**INPUT DATA**
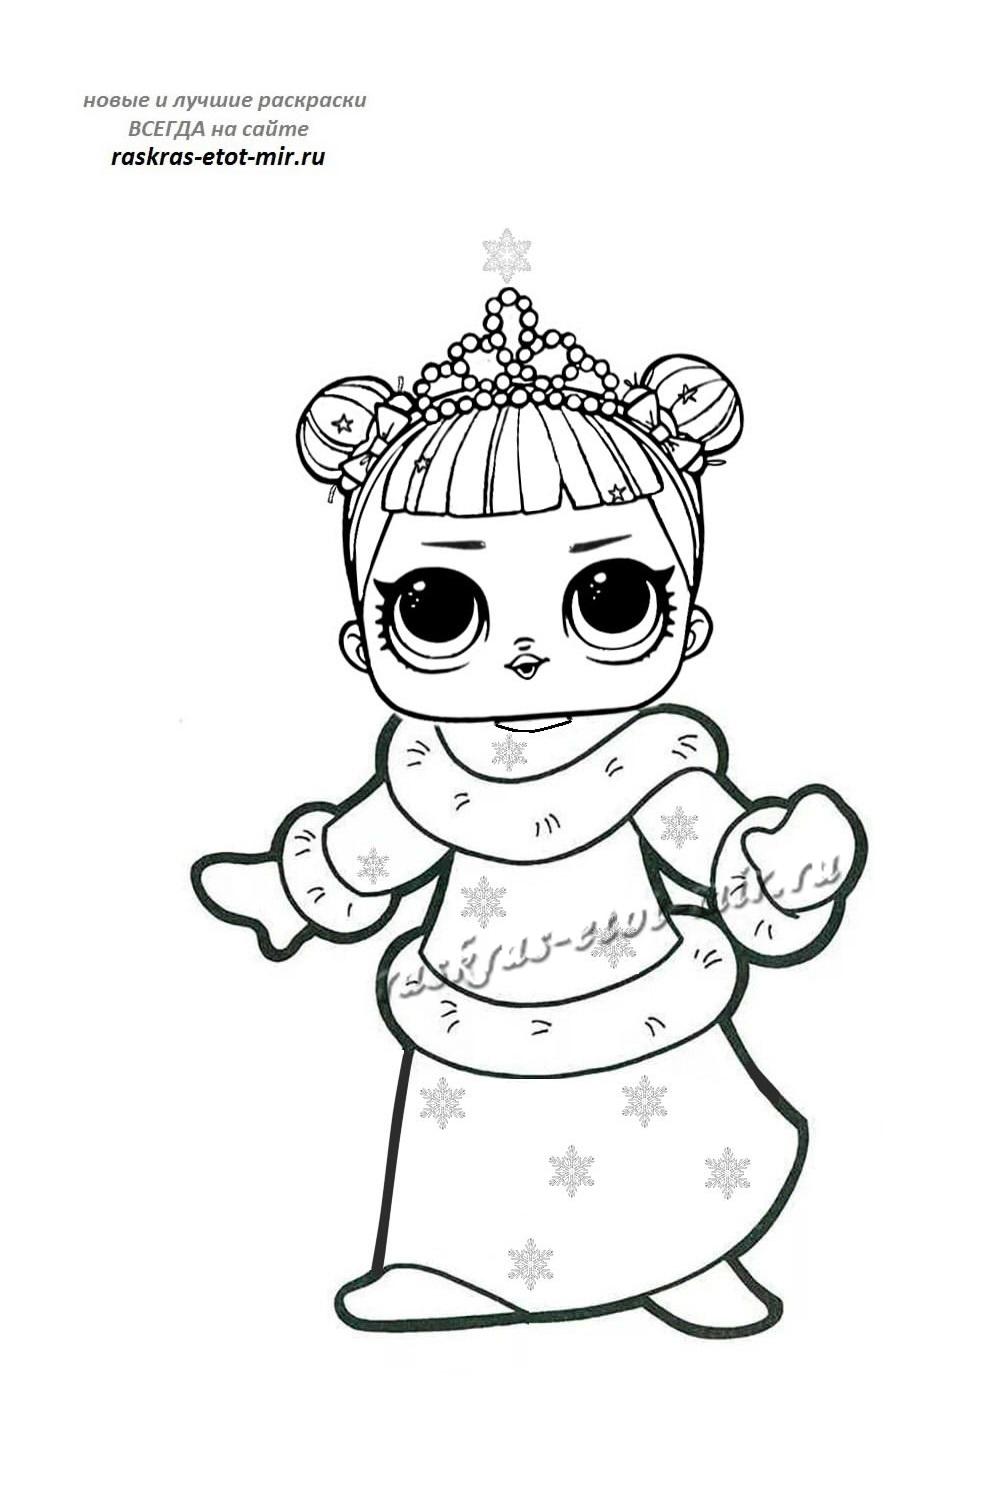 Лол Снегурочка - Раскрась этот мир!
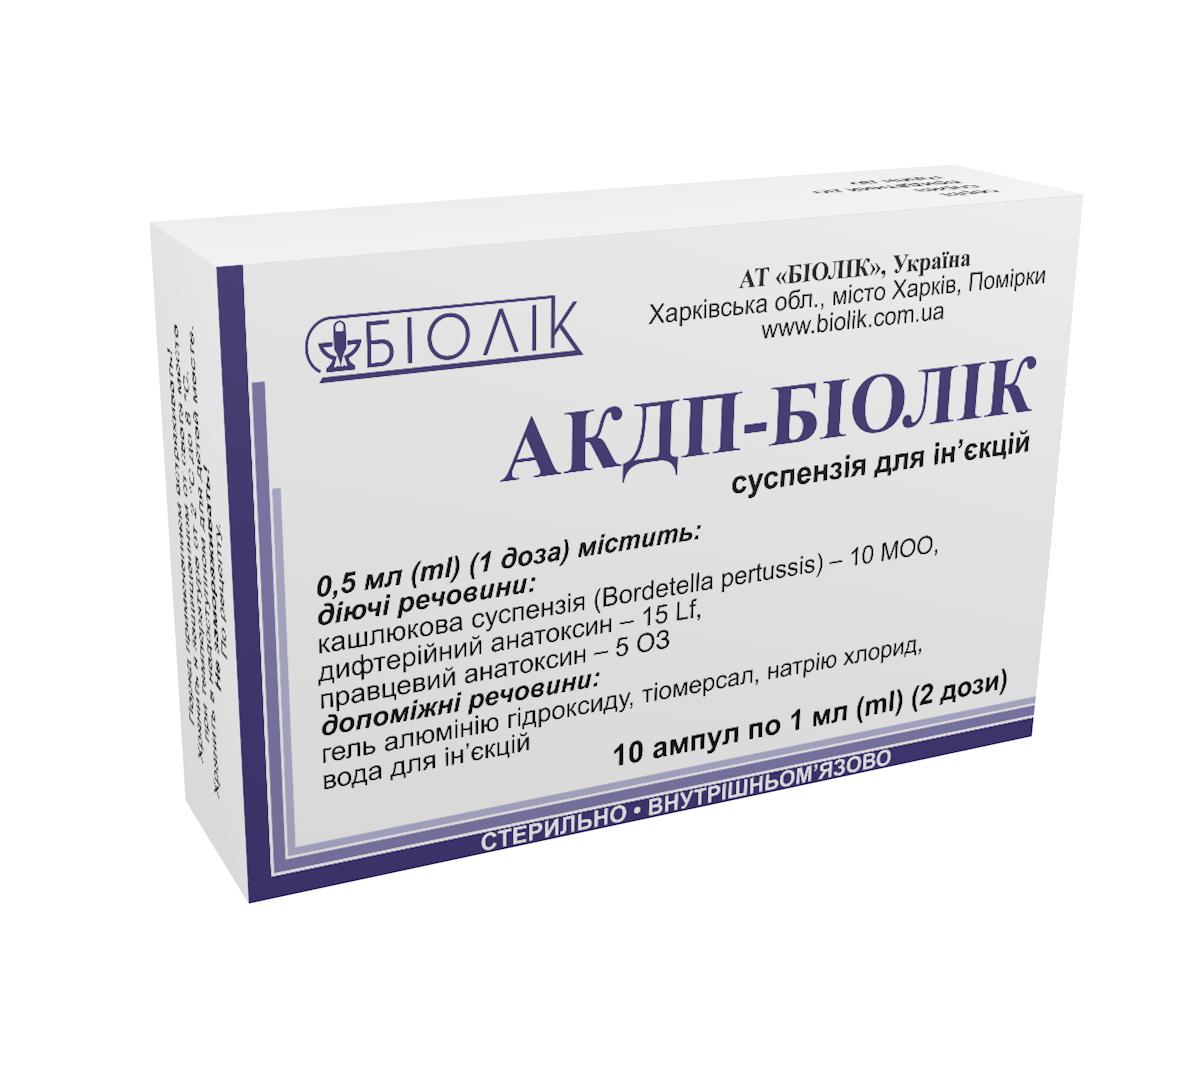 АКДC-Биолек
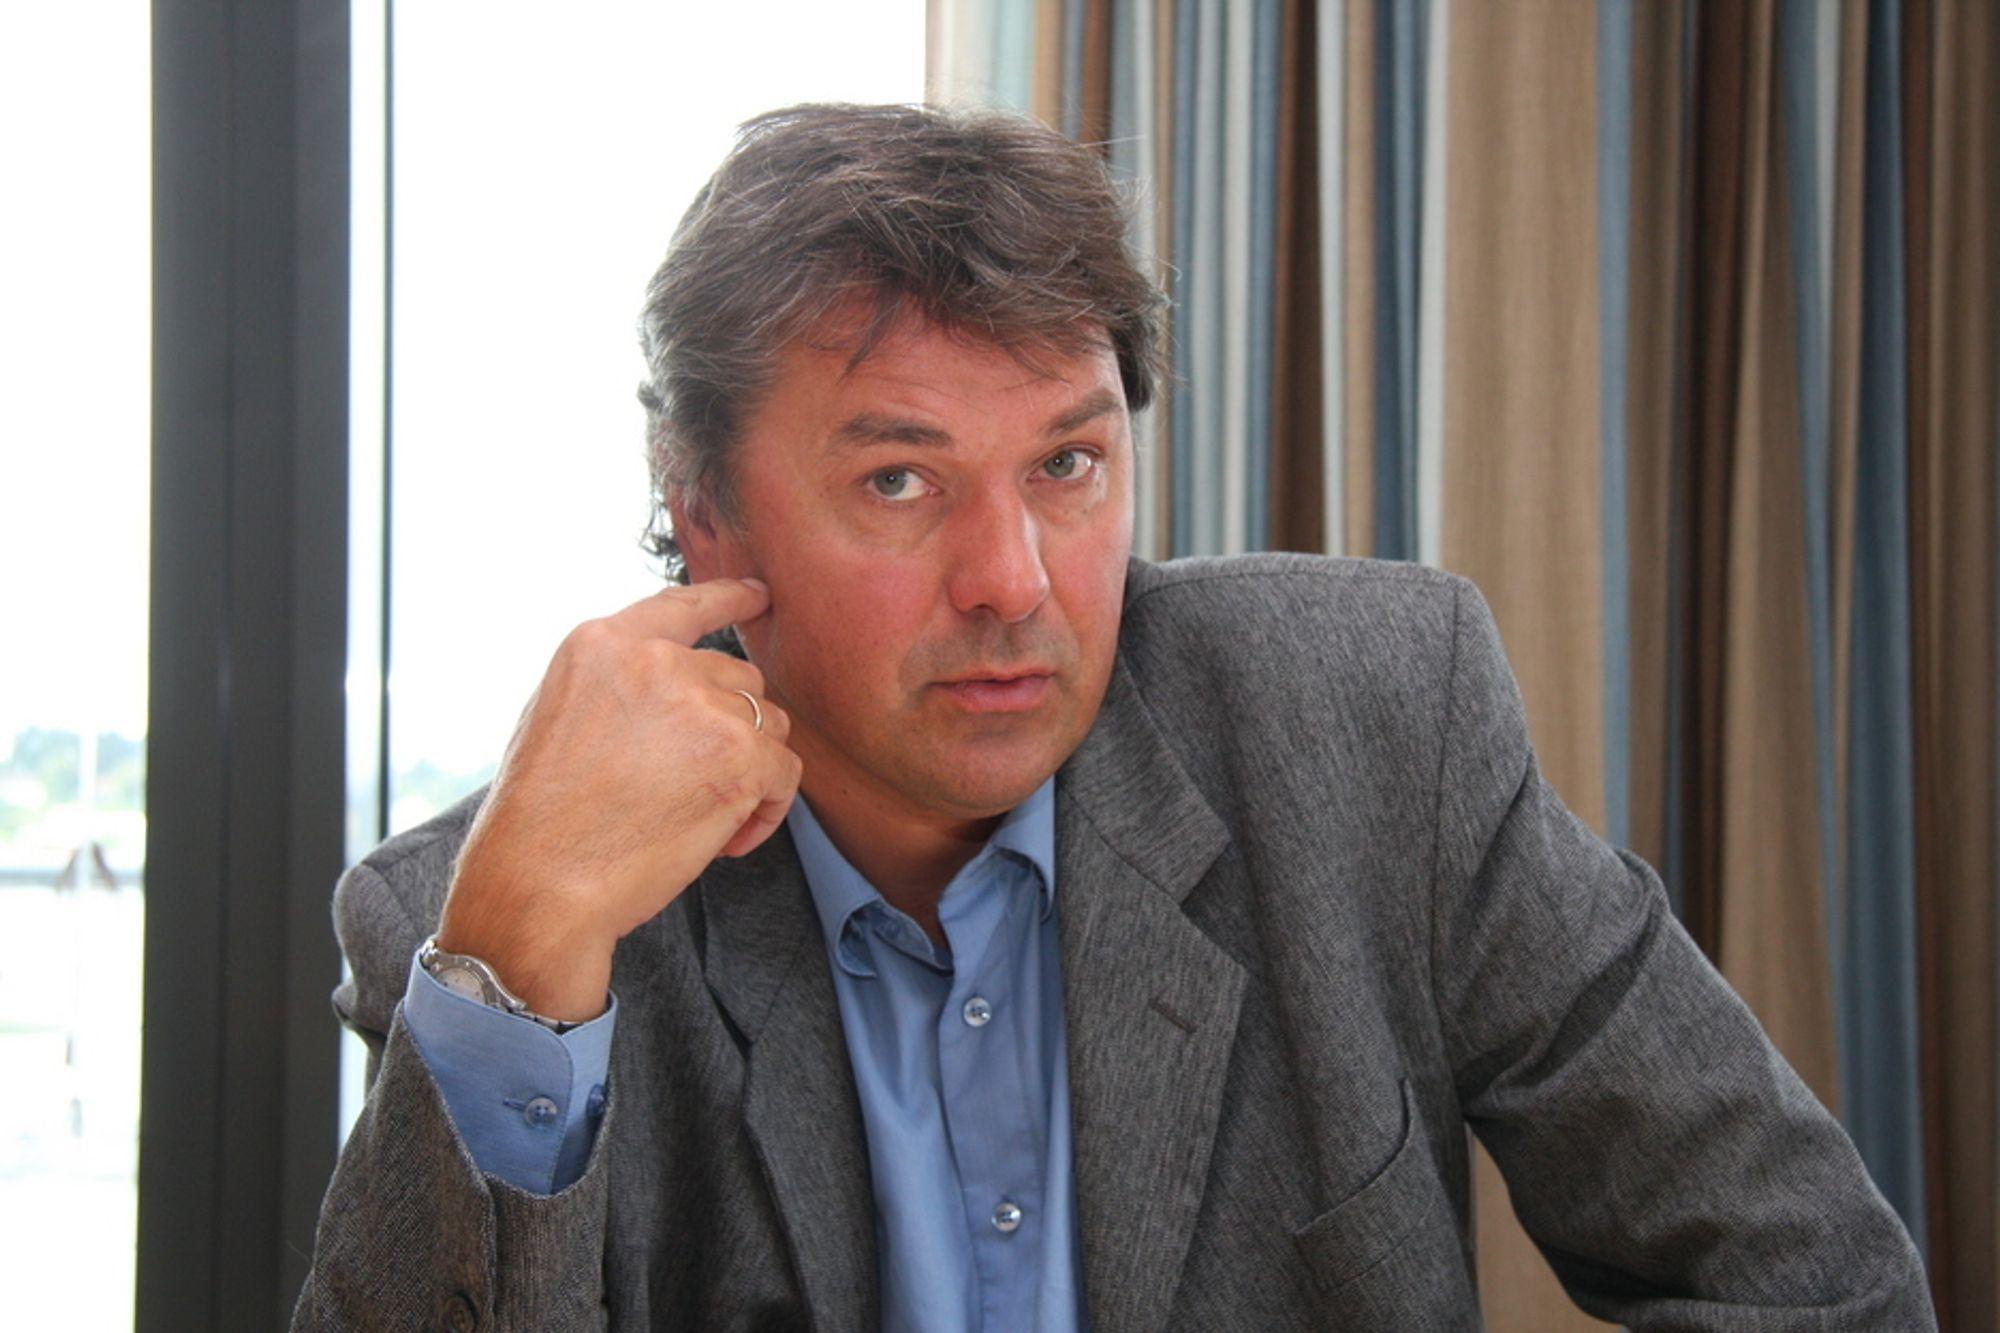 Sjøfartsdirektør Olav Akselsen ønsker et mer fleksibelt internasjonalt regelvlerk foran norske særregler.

**WHAT YOU HAVE TO DO**
The answer must be the full listing, restated word for word, with no pictures in it.

**EXPECTED ANSWER**
 Лол Снегурочка - Раскрась этот мир!
 АКДC-Биолек
 Sjøfartsdirektør Olav Akselsen ønsker et mer fleksibelt internasjonalt regelvlerk foran norske særregler.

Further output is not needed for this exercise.